The filter really depends on how many fish you have and what size. You want to think about the full grown size and number of your fish when deciding. 15 full grown fish produce a lot more waste than 15 juvies. The recommended filter flow rate is 8-10x the tank volume an hour. So for a 55G that would be somewhere between 450 and 550GPH. I would go for a canister on this sized tank. There are many options out there, Fluvals and Ehiems are very popular and are very good filters, but they are expensive. Renas and Aquatops are a little more reasonable and still do a good job. I have an Aquatop cf500uv on my 75G tank and it does a great job. You could go with a hang-on-back filter for something a little cheaper. The Aquaclear 110 would be a good option for this tank. However, I prefer canisters on my larger tanks as they are quiet, have more filter media volume and there is less ugly equipment in your tank. Its really up to you and your budget tho.

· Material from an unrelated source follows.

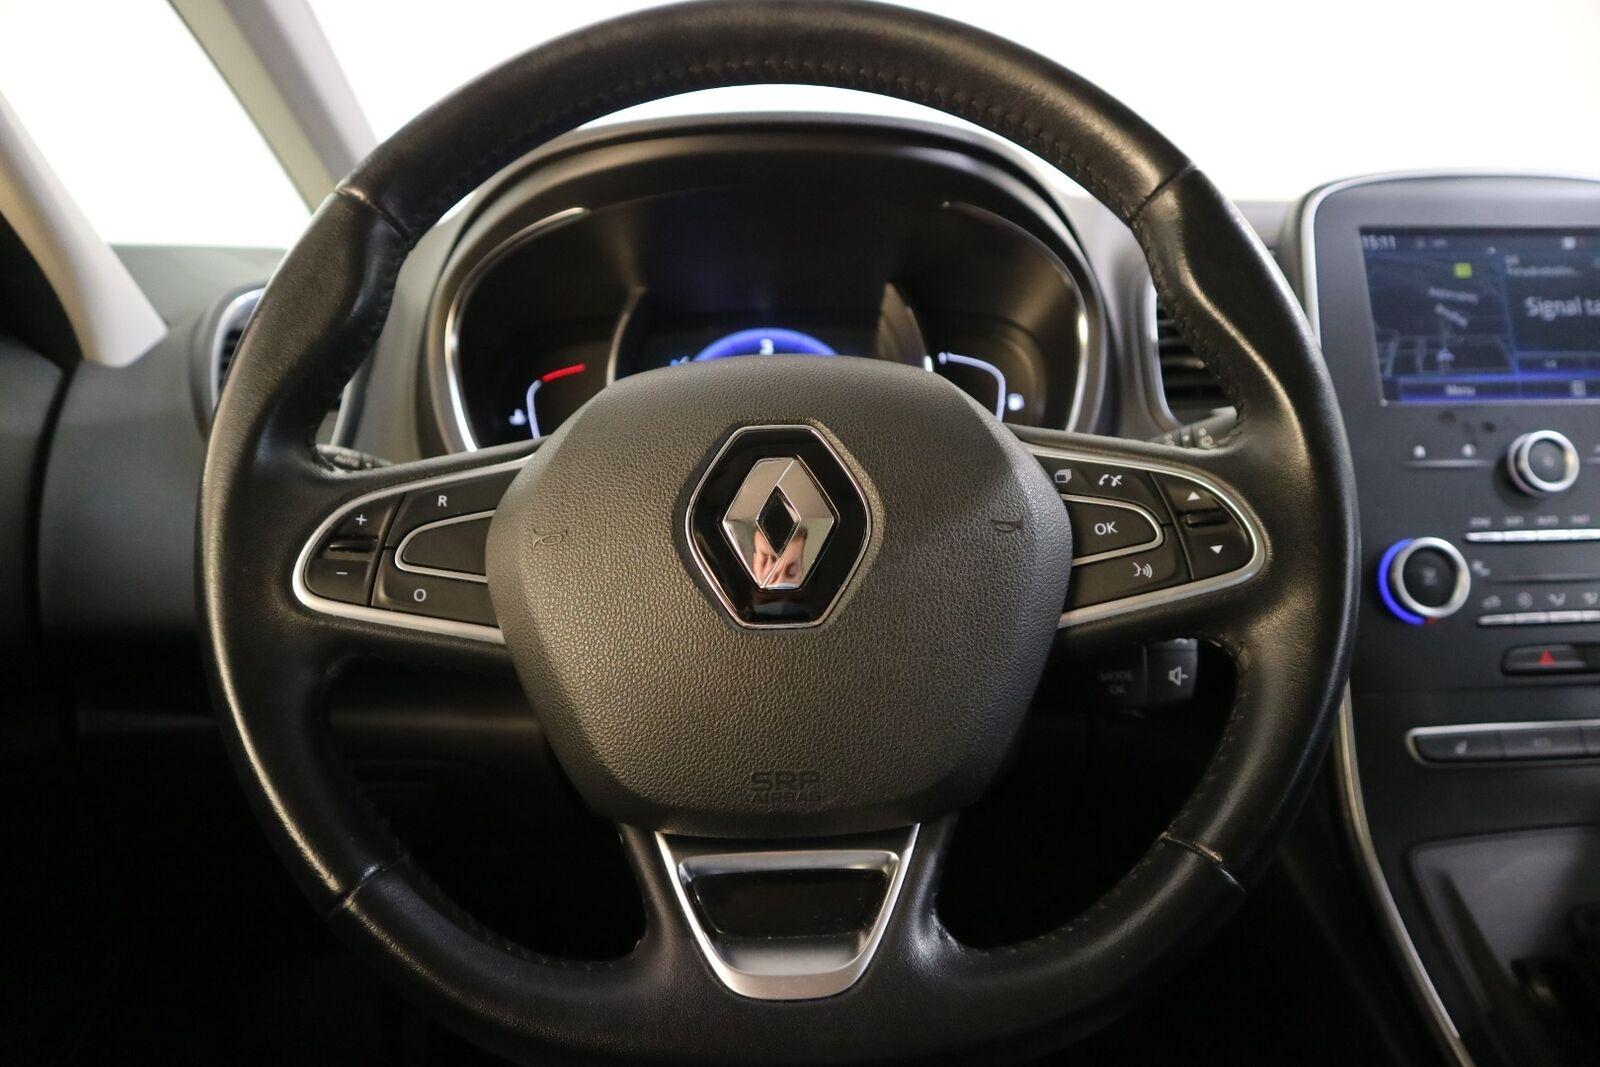 Renault Grand Scenic IV 1,5 dCi 110 Zen EDC 7prs - billede 3

Hope that helps get you started.


----------



## Iggy Newcastle (May 15, 2012)

clhinds78 said:


> I would not do both yellow labs and red zebras together as they are very similar in color and could easily crossbreed. Furthermore, red zebras are one of the more aggressive mbuna and not recommended for beginners. Check out the 55G cookie cutter setup in the library section of this site for some good species selection. The recommended m/f ratio for most mbuna is 1/4-5f. Females haps are very drab so most ppl just keep the males. If you do this you want to have plenty of other fish in the tank.
> 
> Get yourself an API freshwater test kit. It will help you test all your water parameters.
> 
> ...


+1. Great advice!

Here is the 55 gallon 'cookie cutter' article hinds78 mentioned: http://www.cichlid-forum.com/articles/met_estherae.php
Post back your proposed stock and someone will help out. Think 3 species, if going with mbuna, and the ratios already mentioned by hinds78.


----------



## DLLNP (Jul 9, 2013)

I have heard some people say BN pleco's and mbuna mixed isn't a good idea but I have 1 in my 70 gallon mbuna tank for years and have never had any issues. He keeps to himself and none of the cichlids (even the very territorial ones) seem to even notice him, so I would definitely recommend them, they stay relativity small and are not messy! You may want to reconsider the bumblebee as they are extremely aggressive and may end up outgrowing a 55 gallon in a couple years. Just a thought, maybe the experts will have a different opinion!

Dillon


----------



## clhinds78 (Jul 27, 2012)

DLLNP said:


> I have heard some people say BN pleco's and mbuna mixed isn't a good idea but I have 1 in my 70 gallon mbuna tank for years and have never had any issues. He keeps to himself and none of the cichlids (even the very territorial ones) seem to even notice him, so I would definitely recommend them, they stay relativity small and are not messy! You may want to reconsider the bumblebee as they are extremely aggressive and may end up outgrowing a 55 gallon in a couple years. Just a thought, maybe the experts will have a different opinion!
> 
> Dillon


Agreed. I've had two albino BN plecos in my 75G mbuna tank for over a year now with no issues. The key is to have plenty of places for them to hide. They hide during the day and come out and night to graze. After a year mine are sill only about 3".


----------



## clhinds78 (Jul 27, 2012)

Iggy Newcastle said:


> +1. Great advice!


Guess I am just speaking from personal experience. I had labs and red zebras together and it was not good.


----------



## AJJCneedsHELP (Aug 6, 2013)

Thanks for the great advice guys and why only 3 species ? what would happen if I just put 1 of each in


----------



## clhinds78 (Jul 27, 2012)

AJJCneedsHELP said:


> Thanks for the great advice guys and why only 3 species ? what would happen if I just put 1 of each in


Lots of aggression and many deaths. Mbuna are harem fish and need a lot of females of their own species to be happy and calm. 15-18 fish of three differently colored species would work great in this tank. Just be sure to aim for the 1m/4-5f ratio and you should be ok. Plus, the more fish there is of each species the more the aggression is spread putting less strain on your fish. Less strain is good because it leads to happy, healthy fish.


----------



## AJJCneedsHELP (Aug 6, 2013)

What do you guys think of doing this combination in my tank

- Labidochromis chisumulae 1 male 3 females 
- Labidochromis perlmutt 1 male 3 females 
- Labidochromis caeruleus 1 male 3 females 
- Pseudotropheus saulousi 1 male 3 females 
- Bristle nose plecos 2 of them


----------



## clhinds78 (Jul 27, 2012)

I would not do the yellow labs, red zebras and soulosi together as they all look very similar. Consider one of these combinations:

If you like the soulosi:
Ps Soulosi-1m/4f
Rusties-1m/4f
Acei-1m/4f

If you like the labs:
L. Cearuleus-1m/4f
ps elongatus (blue color)-1m/4f
rusties or solofi-1m/4f

There are, of course, many other options. These are just a couple good choices.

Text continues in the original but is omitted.